The Finns Party established its own dedicated study centre, named Pekasus, in January 2015. Party Secretary Riikka Slunga-Poutsalo said the impetus for the centre rose from a clear demand. Of Finland’s handful of larger political parties, the Finns Party is the last to found its own policy institute.
“Finns Party members want to learn things, like how Finland’s municipalities operate and how to take advantage of conference technology. There has been a real longing for a study centre of our own,” she says.
Some 350 people have already participated in Pekasus-hosted instruction at its Helsinki headquarters and at the Rauhala resort in Central Finland.
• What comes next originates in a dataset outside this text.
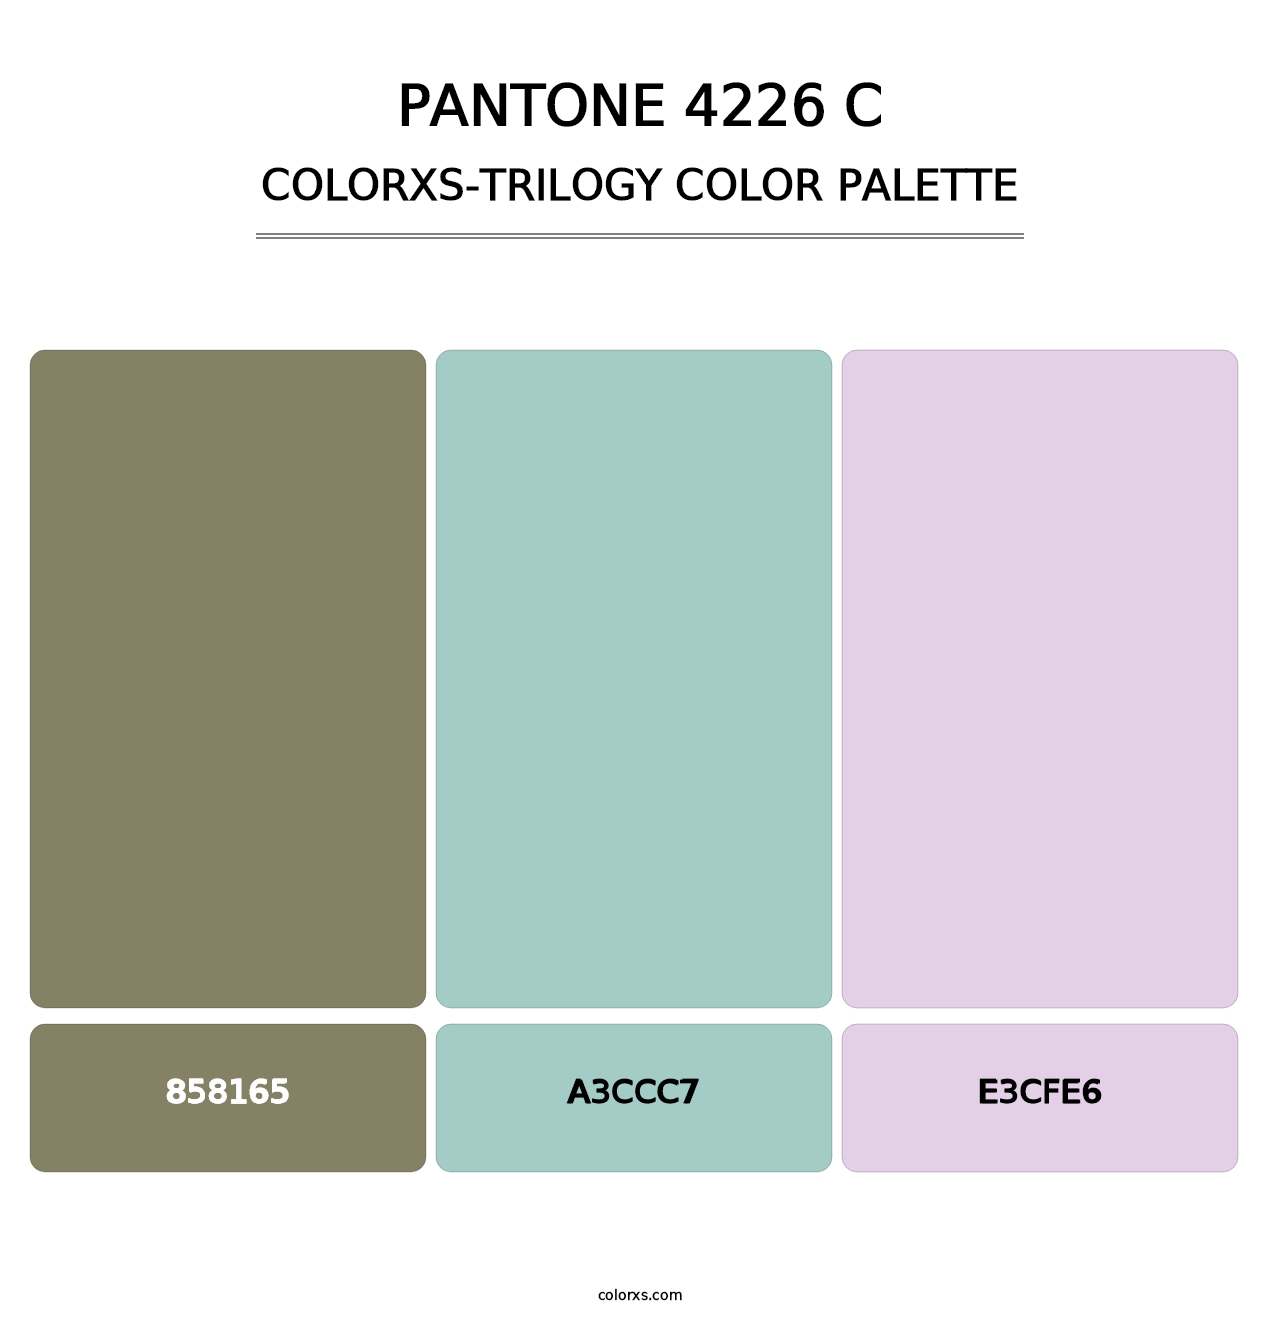 PANTONE 4226 C - Colorxs Trilogy Palette

History of the Finnish working class
Pekasus Rector Lasse Lehtinen led a field trip on Friday as part of his course on Finnish history. The trip introduced the participants to the history of Finnish labour at the Luostarimäki Handicrafts Museum and the Turku Castle.
Lehtinen is a deputy judge, a member of the Kannus city council and a Doctor of Laws. His influence on the course content is easy to see.
“We have arranged courses on family law, organisational work and municipal operations. In the autumn we will begin new ideology seminars that will focus on the Finns Party’s specific policy ideologies,” he says.
Two of the policy principles in question may not come as a surprise to people familiar with the Finns Party’s platform.
“Immigration and refugees are central themes, just as they are in Finns Party policy in general,” says Lehtinen.
Centre plays no part in party policy decisions
Who will lead the ideology seminars is still unknown. Pekasus has no input in the party’s agenda-building, as the party headquarters handles that exclusively.
The purpose of Pekasus is to train the organisational representatives of the Finns Party and help the party’s ideology gain a stronger foothold.
For the time being, however, the party does not have its sights on creating its own, more established learning institution, choosing not to go the route of Finland’s other heavyweight parties. The Centre Party founded the Alkio College near Jyväskylä in the mid-1940s and the Social Democrats have their own Worker’s Academy (Työväen Akatemia), established in 1924 in Kauniainen. Both now function as so-called folk high schools, or adult education institutes.
“We don’t feel a need to go that far, especially as it is difficult to get a founding permit for such an institution,” says Lehtinen.
The Finns Party also has no plans to found any youth or children’s organisations under their name.